Der Einkauf in einem spanischen Supermarkt auf Gran Canaria war für mich die Hölle. Eingeplant hatten wir dafür circa zwei Stunden. Daraus wurden aber sechs Stunden. Wir mussten in dem riesigen Markt ziemlich viele Sachen suchen, kämpften uns durch spanischsprachige Etiketten und hatten zuletzt sechs große Einkaufswagen voll mit Lebensmitteln. Das Abkassieren und Einpacken dauerte gefühlt Stunden - Gott sei Dank mussten wir den Einkauf nicht selber transportieren, sondern dieser wurde uns kostenfrei ans Schiff geliefert.

Spielen

Solo segeln muss einfach nur langweilig sein. Nach und nach entwickelten wir Spielchen, um das Bordleben noch interessanter zu machen. Etwa, wer den Tages-Speed-Rekord fährt, darf ein Türchen unseres bordeigenen Adventskalenders öffnen.

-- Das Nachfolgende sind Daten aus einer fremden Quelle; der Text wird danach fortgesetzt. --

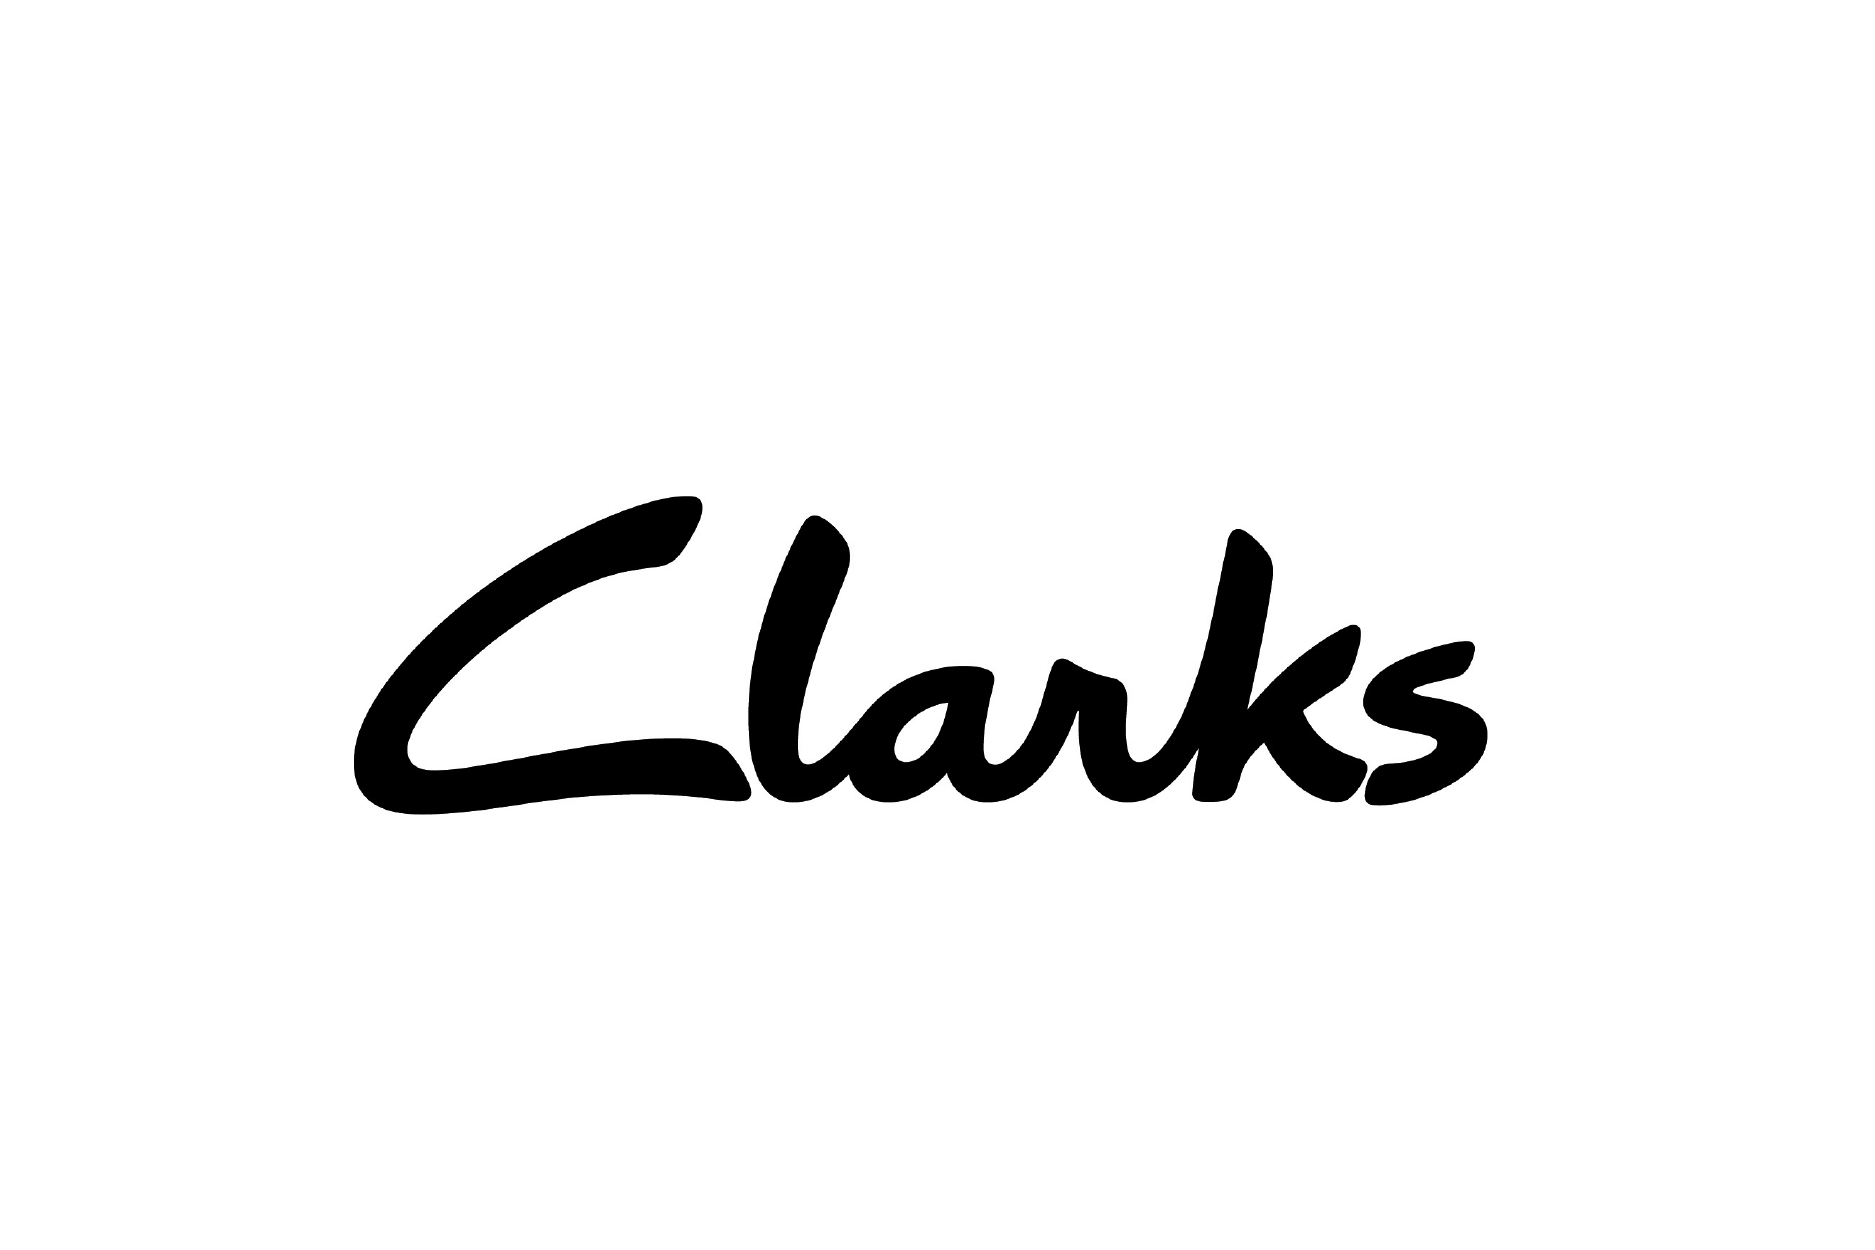 clarks logo image

Oder wir eiferten, um weniger als 2000 verbleibende Seemeilen auf der Uhr in unserer Wache zu sehen. Dietrich ist dabei unser Held: Am 1. Dezember gegen 7:30 Uhr hat Dietrich den Rekord vor Augen. Es sind nur noch 2012 Seemeilen bis St. Lucia, aber seine Wache dauert nur noch eine halbe Stunde! Dietrich setzt sein Know How zum Schummeln ein und stellt die Bordzeit um eine Stunde zurück, da wir schon weit genug nach Westen gesegelt sind. So verlängert er seine Wache um eine Stunde. Mit dem gewünschten Erfolg. Pünktlich um 7:58 Uhr neuer Bordzeit passieren wir mit Dietrich am Ruder den magischen Punkt und lesen auf dem GPS die Restdistanz nach St. Lucia: 1999,5 Seemeilen.

Nach dem Spiel

Nach 15 Tagen und 9 Stunden erreichen wir das Ziel: St. Lucia. Nach 2800 Seemeilen hat das „Lotta“-Leben ein Ende! Leider, denn es war ein toller Törn - ohne große Flaute, wir hatten meist 20 bis 25 Knoten Wind! Wieder an Land, lese ich meine E-Mails mit den vielen Glückwünschen zur erfolgreichen Atlantik-Überquerung. Sven, ein Segelkamerad, der auf Ost- und Nordsee zu Haus ist, schreibt mir zu der Atlantik-Überquerung: „Das ist schwer zu toppen.“ Mir fällt sofort der Fußball-Spruch „Nach dem Spiel ist vor dem Spiel!“ ein. Wir wissen alle, dass das Spiel der eigentliche Höhepunkt ist – wenn auch beim Fußball nur für 90 Minuten. Ich hatte einen Höhepunkt von 15 Tagen und 9 Stunden.